Terkadang kita memang harus bertarung dalam memberikan pemahaman baik kepada
orang-orang yang disayang. Bertarung dengan siapa? Tentu saja dengan keadaan
zaman yang semakin memprihatinkan. Tontonan yang kurang mendidik, lingkungan
luar yang kadang seakan membenarkan penyimpangan. Benar, dengan semua itulah
kita mesti bertarung. Dan agama dengan semua rasionalitasnya yang sempurna
ialah benteng serta perisai yang selalu bisa menguatkan pertahanan.
Dan
beginilah, aku berpikir tidak ada salahnya menceritakan kisah-kisah hebat yang
nyata lagi menakjubkan itu kepada adik-adik kita. Karena semakin hari, tontonan
yang seolah mewajarkan pacaran semakin marak. Baik di televisi maupun didunia
nyata. Maka kepada adik-adikku tersayang, aku merasa tak apa-apa memberikan
pelajaran terbaik lewat kisah yang ada. Sungguh jalan kita masih panjang. Semoga
setelah ini, pemahaman untuk terus saja menjadi diri yang baik selalu menemani
langkah mereka.
Dan
benar sikap dari satu teladan kita. Ali bin Abi Thalib ra. Ketika perasaan itu
hadir, hanya ada dua pilihan. Dialah perjuangan atau pengorbanan. Karena jalan
kita masih panjang, maka melepaskan adalah salah satu solusi terbaik demi
mencari keridhaan-Nya selagi kesempatan dan kesiapan belum hadir. Dan tak
mengapa bila nanti tidak bertemu kembali dengan yang diharapkan. Akan ada ganti
yang lebih baik. Seperti cerita antara Umar dan putrinya Hafshah, Utsman, serta
Rasulullah saw. Aku yakinkan Dika bahwa pasti skenario-Nya lebih baik lagi.
Ya.
Sekali lagi, bagiku duduk bercengkerama membahas hal seperti itu dengan
adik-adik tersayang tidaklah mengapa. Justru, pemahaman baik sejak awal semoga
bisa menjadi pacuan semangat untuk meninggalkan yang salah.

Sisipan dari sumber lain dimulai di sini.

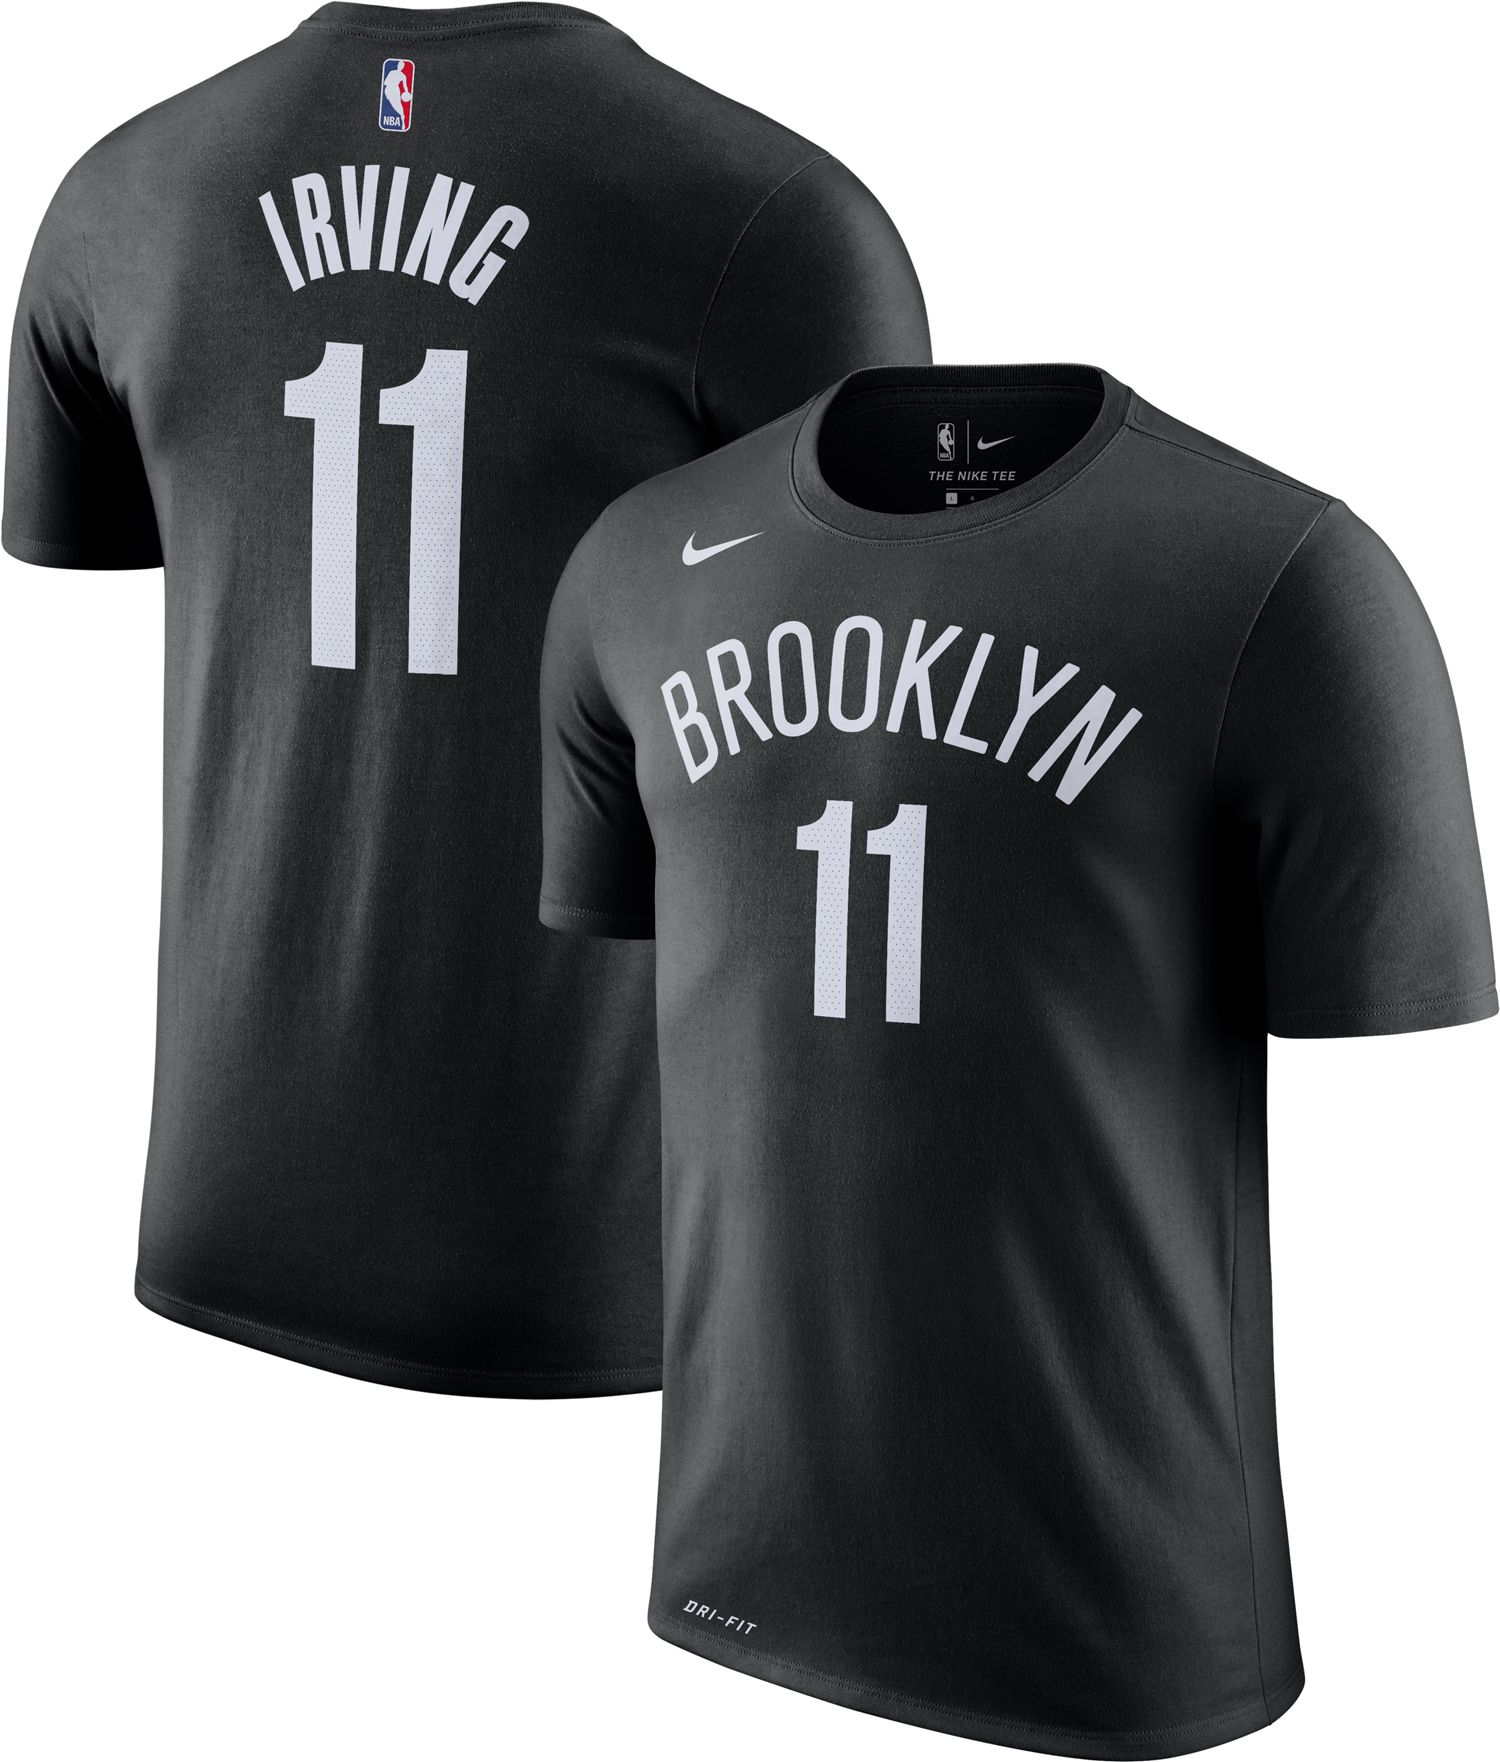 irving jersey youth

Dan inilah aku, anak perempuan Bapak,
yang akan tegas membenarkan kebenaran dan meneladankannya kepada keluargaku,
khususnya adik-adikku. Menyadarkan kesalahan dan meluruskannya semampuku. Sebab
yang ramai orang mengerjakan juga belum tentu benar.
Ya. Akulah anak perempuan Bapak. Akan
kujadikan diriku tameng terdekat mereka dalam memfilter hal-hal diluar. Dan dengan
do’a ku dari kejauhan. Dimanapun dan kapanpun, semoga Tuhanku selalu melindungi
mereka dalam kebaikan. Dan semoga saja kelak bisa kami dipertemukan kembali di
syurga-Nya. Sungguh akan selalu menyenangkan membayangkannya. Saat semua anak-anak
Bapak dan Ibu membanggakan dunia akhirat.Dan itu sungguh satu rahasiaku pula.
Cita-cita terbesarku. Kumohon, jangan bilang-bilang pada adik juga kakakku ya?!